Posts Tagged ‘First Circuit’

No duty for gas station to paint pavement grooves

“Woman catches her shoe in groove in pavement at Tewksbury, Mass. gas station; she falls, is injured. Woman: The station had a duty to warn me of the danger, perhaps by painting the grooves (which are mandated by state law to contain spills) brightly. First Circuit: There is no such duty. But here’s a Judge Selya vocab quiz for your trouble: pellucid, behoof, animadversions, and rescript.” [John Kenneth Ross, Short Circuit on Potvin v.
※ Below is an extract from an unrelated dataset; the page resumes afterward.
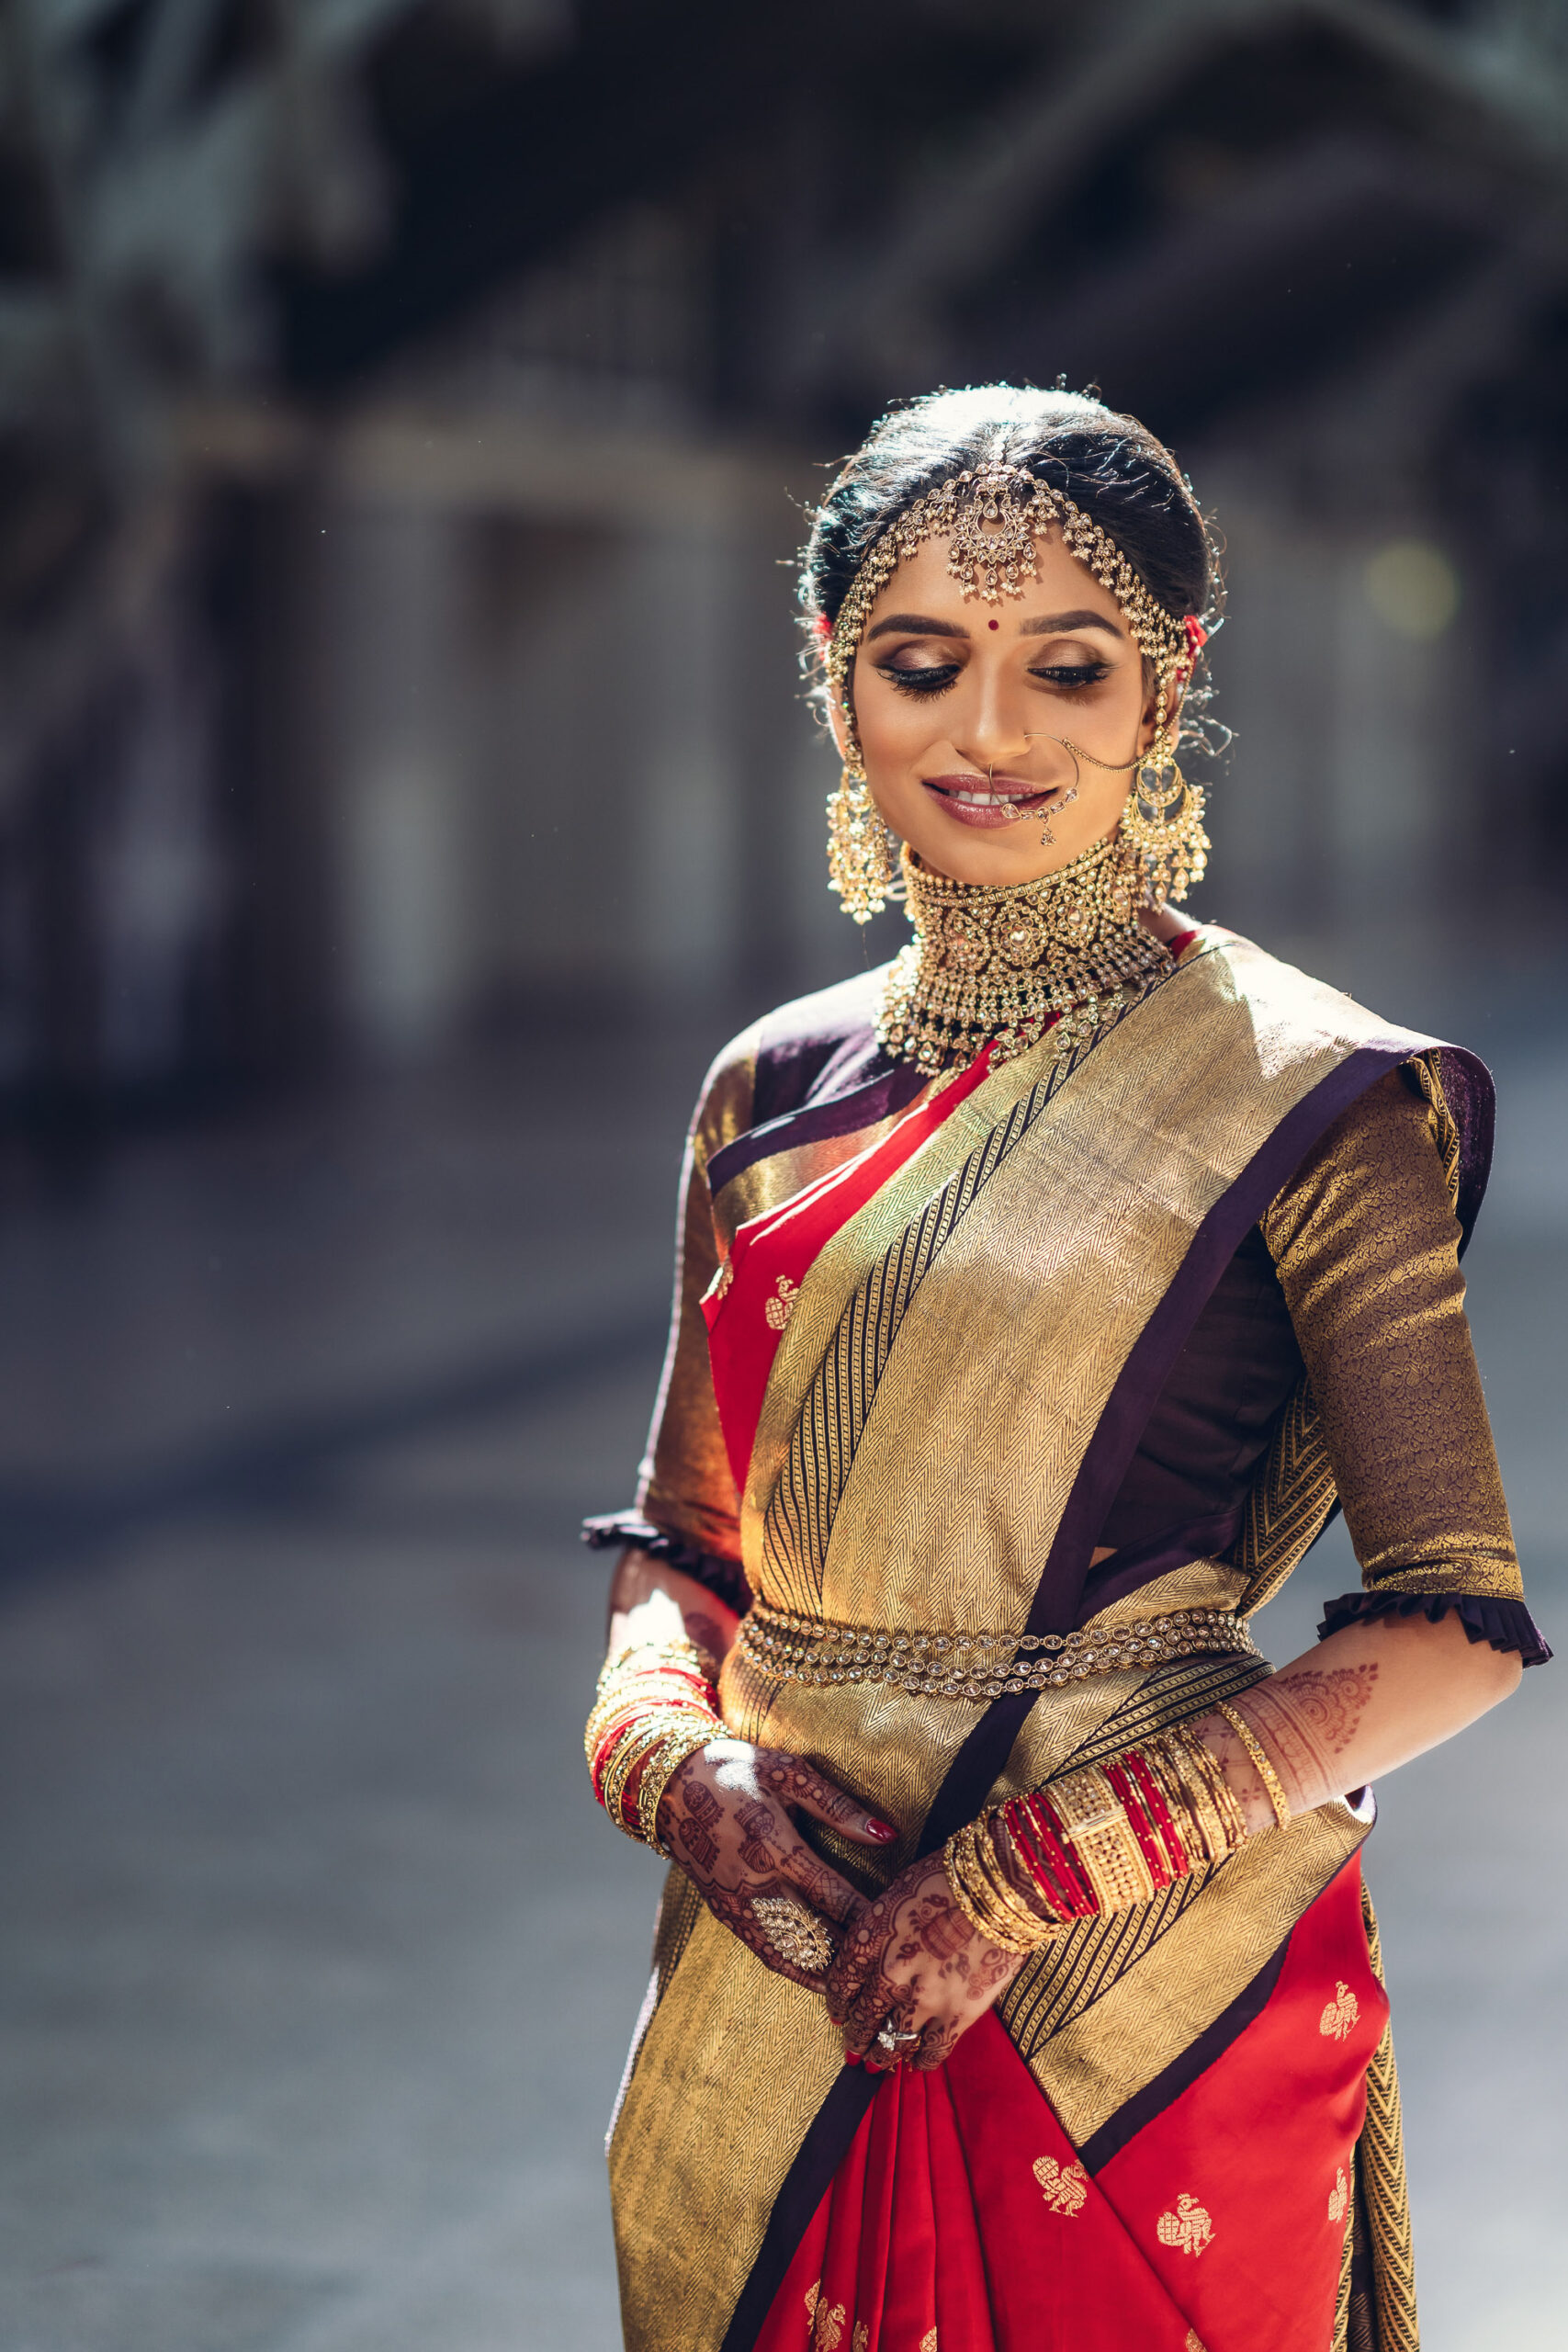 Chaitanya Sameer Modern Indian Wedding Splendid Photos Video 007 scaled

Speedway LLC]

September 13 roundup

  • Scranton, Pa. federal judge “denies ‘exorbitant’ request for nearly $1M in attorney fees after $125K recovery” [ABA Journal; arose from bad faith insurance action on underlying uninsured motorist claim that settled for $25,000]
  • As PETA settles monkey selfie case with hapless photographer, details confirm that “Naruto is really just a prop to be deployed in the case as PETA sees fit.” [Ted Folkman, Eriq Gardner, earlier] A sad catalogue of litigation abuse enabled by PETA’s donors [Frank Bednarz thread]
  • Lively First Circuit opinion upholds extortion conviction of small town police chief [Bob Dunn, Berkshire Eagle, U.S. v. Buffis via IJ’s John Ross, “Short Circuit“; Lee, Mass.]
  • She beat DOMA and the IRS too, and all in great style. My appreciation of Edith Windsor [Cato at Liberty]
  • “North Carolina’s Fickle Finger of Redistricting” [also by me at Cato at Liberty]
  • Me: “Posner was the judge lawyers really didn’t want to run into if they had bad class action settlements to defend” [Jonathan Bilyk, Cook County Record, earlier]

Thwarted love and insurance coverage

From the First Circuit’s opinion introducing the case of Sanders v. Phoenix Insurance Company, arising out of somewhat lurid facts touching on both insurance coverage and professional responsibility:

SELYA, Circuit Judge. This case begins with a tragic tale of unrequited love and morphs into a series of imaginative questions regarding the coverage available under a standard form homeowner’s insurance policy. But when imagination runs headlong into settled legal precedent, imagination loses. Recognizing as much, the court below dismissed the complaint. After careful consideration, we affirm.